I freehand dog rockets
Don't count laps. Look for the feedback. You SHOULD have something to bridge the gap between 1k and 8k. Wanna do it with the 8k? Fine. Gonna take a lot of rubbing. How many laps? As many as it takes. At the 8k level you should get very good stiction. When you get stiction and it increases and finally stops increasing, stop. By then, your pressure should be only the weight of the razor. Hone in hand, not on a bench. Old pros can hone on a bench or a sink bridge or whatever. They have the experience and the knowledge that goes beyond just words in a post. You don't, and you will mess up if you bench hone. Trust me. You will get it eventually, but why wait for eventually? Okay, so you don't want to wait for a 4k. Okay, go on the 8k until you get stiction and finally it stops increasing. Stop. Do this. Go a few dozen VERY light laps, as light as you can manage, using short x strokes, maybe 4" long. Be very careful not to slap the razor on the hone. Now strop and shave. That is almost as good as it gets, for your first edge, from an 8k.
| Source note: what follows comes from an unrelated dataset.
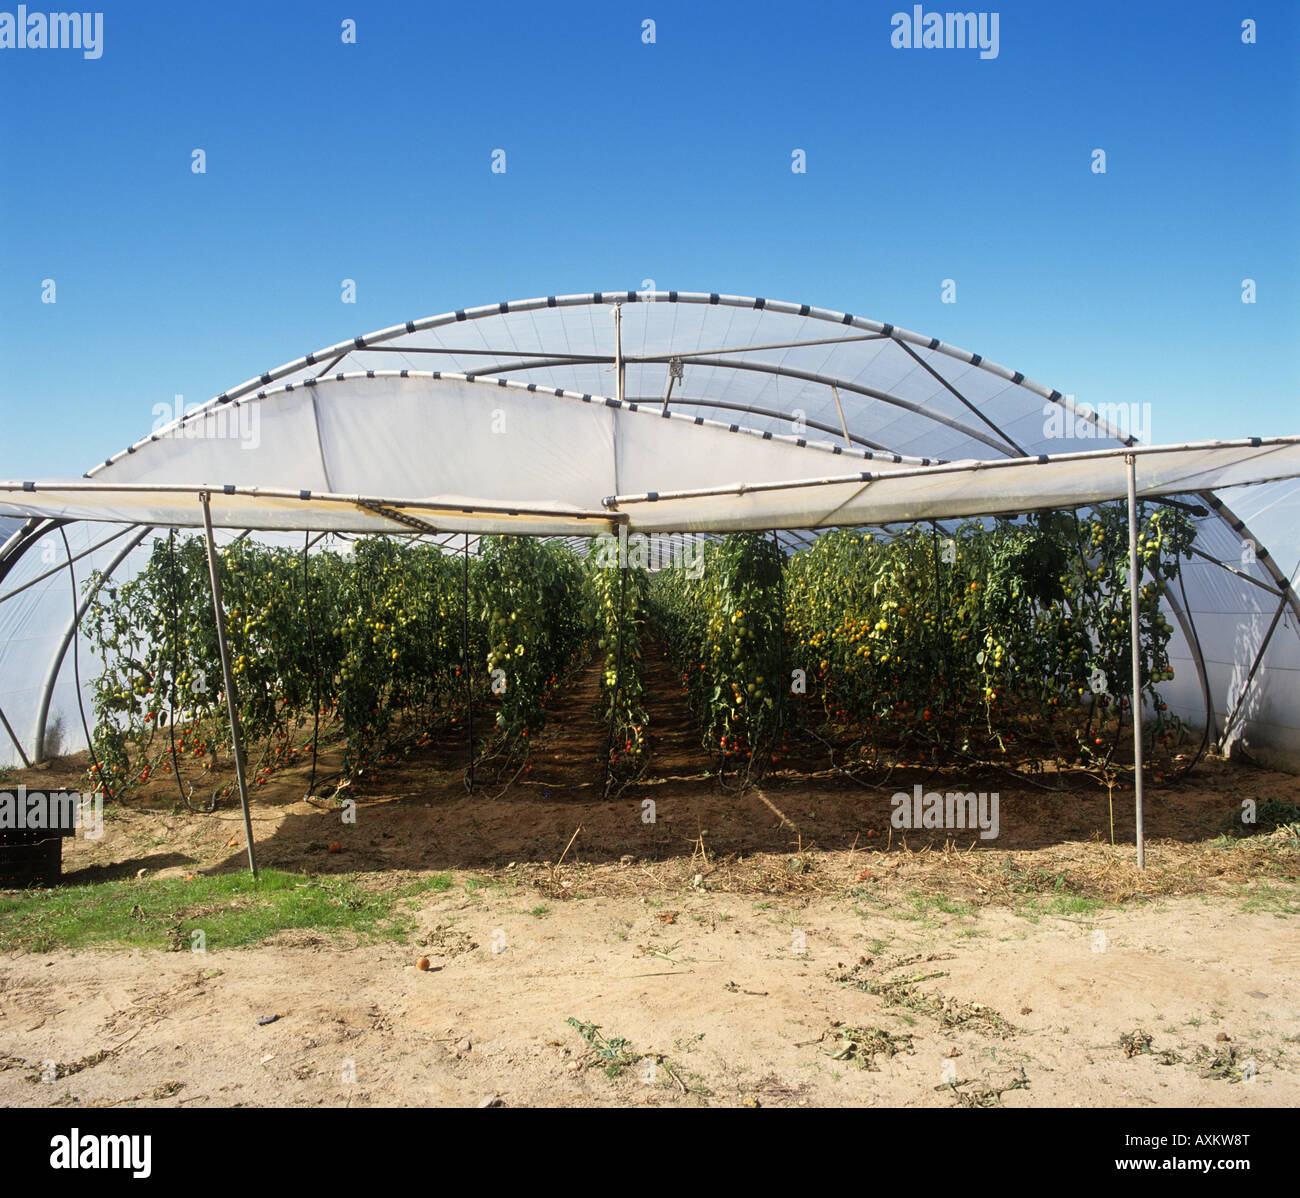 Casa in politene con la parte anteriore sollevata per mostrare il pomodoro maturo raccolto cresciuto all'interno del Portogallo Foto Stock

Oh BTW you must lap your stones first. Not an option. Don't even in your wildest dreams, think that you can do this with stones that "look flat to me".
 
Yep. I got stones :001_302:. Think there's an end of the tunnel light for the Clover. Beveling/honing is very much an individual journey.

The Oxford's proving more recalcitrant. I'm going to try (re)beveling on a 1200 plate, then on to 4000/6000/10000 finishing. Next some dedicated stropping sans paste. As for setting the bevel the 40 circular strokes worked pretty well for the Clover. Same plan for the Oxford although I'm upping the grit 200.

I don't think my judgment on progression is an issue. With no bevel setting involved I previously refurbished a Wester Bros. successfully to the extent I sent it out for new scales. Maybe scaling will be my next adventure.

I'll update on the Oxford. Thanks all.